Note 3: Of course, this does not mean that the "direct connection" mode cannot be used. After all, a considerable proportion of users currently use the "direct connection" mode to build their own scientific nodes. Many people rely on its simple configuration and low latency, especially in the early days when nodes are not restricted or still have good effects in specific areas. It is still the preferred solution for many people. However, from the trend point of view, the difficulties faced by this model will become greater and greater: on the one hand, the identification and interference methods of operators and platforms for encrypted traffic are continuously evolving, and simple direct connection methods are more easily detected, speed-limited, or even banned; on the other hand, more and more services need to seek a more balanced solution between anti-censorship, stability, and concealment, which means that the use of more complex architectures, such as transit, tunnel encapsulation, and remote diversion, will gradually become the mainstream.
4 Non-direct connection mode: hiding the source station IP with the help of transit entrance
4.1 Why do we need “indirect connection”?
In the early stages of "scientific Internet access", direct connection mode was a seemingly simple and direct way: just connect the client to an overseas VPS and forward the request through a controlled channel to access the external Internet.This seemingly open path is actually extremely fragile:Once the IP address of an overseas VPS is exposed in the domestic network, it may become the focus of DPI (deep packet inspection) systems, behavior recognition models, and keyword monitoring systems. Once marked, the connection will have the following problems:
- Traffic is limited, interference is injected, or even reset directly;
- The VPS IP was added to the block list and the connection was completely disconnected;
- Cross-border communications are "phased dead", but there is no clear error message, and it is difficult to locate the source of the problem.
The core of the problem:The transparent "wall" does not target a specific service or site, but attempts to identify "abnormal connection behavior"When an overseas VPS is accessed by dozens of clients in the same way, with fixed traffic characteristics and abnormal access frequency, the "identity" of this VPS is no longer an ordinary web server, but a suspicious communication transit point.
In this context, continuing to adhere to the "direct connection" strategy means:
- Keep changing VPS;
- Be prepared for unstable connections at any time;
- Every user bears the high risk of connection failure and traffic being blocked.
The more fundamental problem is:If the user's request always points directly to the real address of the target service, then the server cannot be "hidden" and the identification system will always have room to play.
4.2 The key to achieving “non-direct connection”: transit entrance
In fact, the real significance of the non-direct connection mode is to prevent the "source station" IP from being exposed to the public network., which requires the use of a transit entrance. The real "non-direct connection" solution should be a link like this: domestic client ── connection ──> transit entrance ── forwarding ──> real VPS / source server service. Under this design, for the transparent "wall", what it sees is always the domestic client accessing the transit entrance, and as for the source server behind the transit entrance, it knows nothing.
How to find the “transit entrance”?
To be able to serve as a "transit entrance" in today's network environment, it is not enough to just find a random machine.
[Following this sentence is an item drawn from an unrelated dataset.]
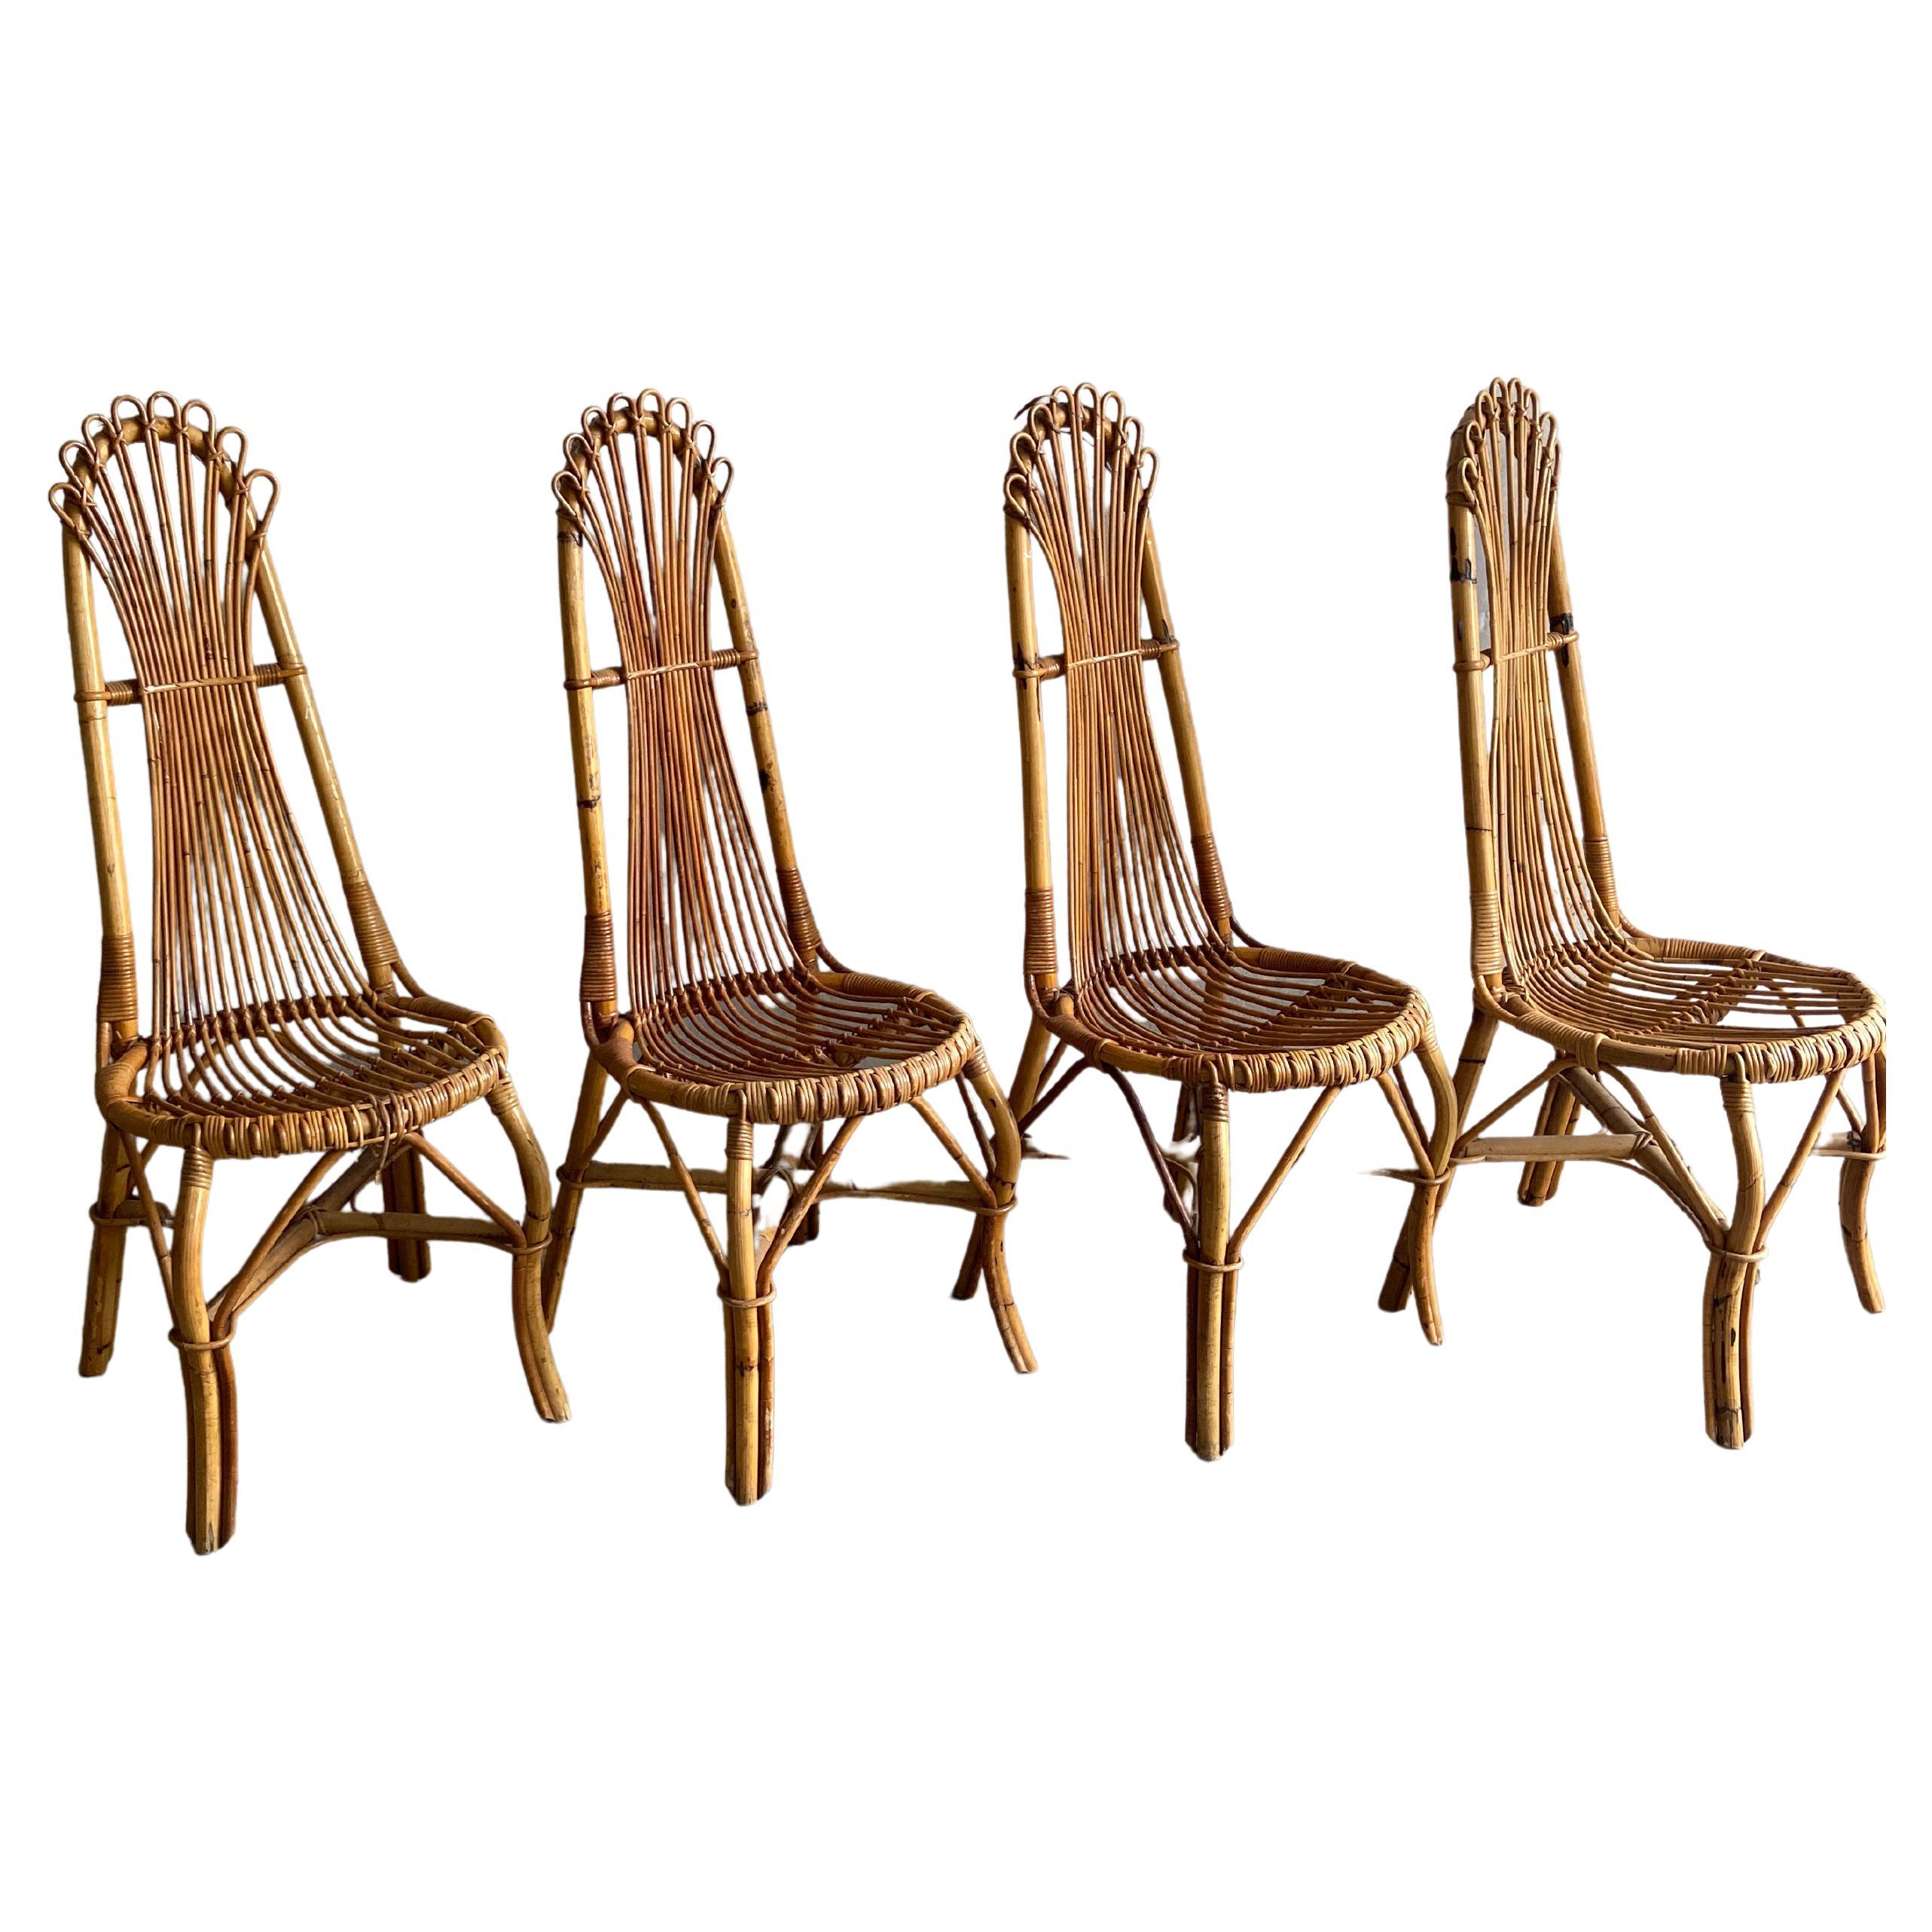 Mid-Century Modern French Set of 4 Bamboo and Rattan Dining Chairs, 1960s

It must meet the following key conditions:
- IP will not be easily blocked: It is best to use an IP from a large company with a "credible background" and will not be blocked immediately due to a little "atypical traffic"
- Have a certain degree of neutrality:For example, CDN and distributed network platforms, the firewall is naturally more "gentle" towards them and will not easily take action
- Support custom traffic forwarding: For example, the ability to establish reverse tunnels, WebSocket forwarding, or direct TCP/QUIC forwarding
These conditions combined have actually ruled out most personal servers or cheap commercial VPS: you don't want a springboard that "anyone can deploy", but aA "camouflage point" that won't easily go wrong.
In reality, Cloudflare is the preferred choice for transit entrance, because it happens to have all the above characteristics, which makes it aA transit point with great potential:
- IP is stable and highly reputable:Its network nodes widely serve millions of websites around the world and are the "infrastructure" of the modern Web world;
- Natural CDN Platform:The Great Firewall is more restrained in its handling of CDN policies, often giving priority to ensuring “availability”;
- Support flexible reverse proxy logic: Relay public network traffic back to your real service through your own portal network.
4.3 Prerequisite knowledge: How to implement Cloudflare's reverse proxy function
When using Cloudflare to build a "non-direct connection" transit entrance, what really works is not its traditional function as a CDN, but itsGlobal edge network coverageas well asHighly flexible reverse proxy capabilities, so you need to first understand the "reverse generation" method it provides.
From the overall mechanism point of view, Cloudflare provides two typical "anti-generation" methods:
- Public IP retrieval
In this mode, Cloudflare acts as an edge proxy, simply forwarding requests from clients and pointing to your configured DNS. Public server IP, go back to the source to retrieve the content. Although the deployment is simple, it also exposes a fatal problem:Your real server IP must be visible to the public network, which is exactly what "non-direct connection" wants to avoid.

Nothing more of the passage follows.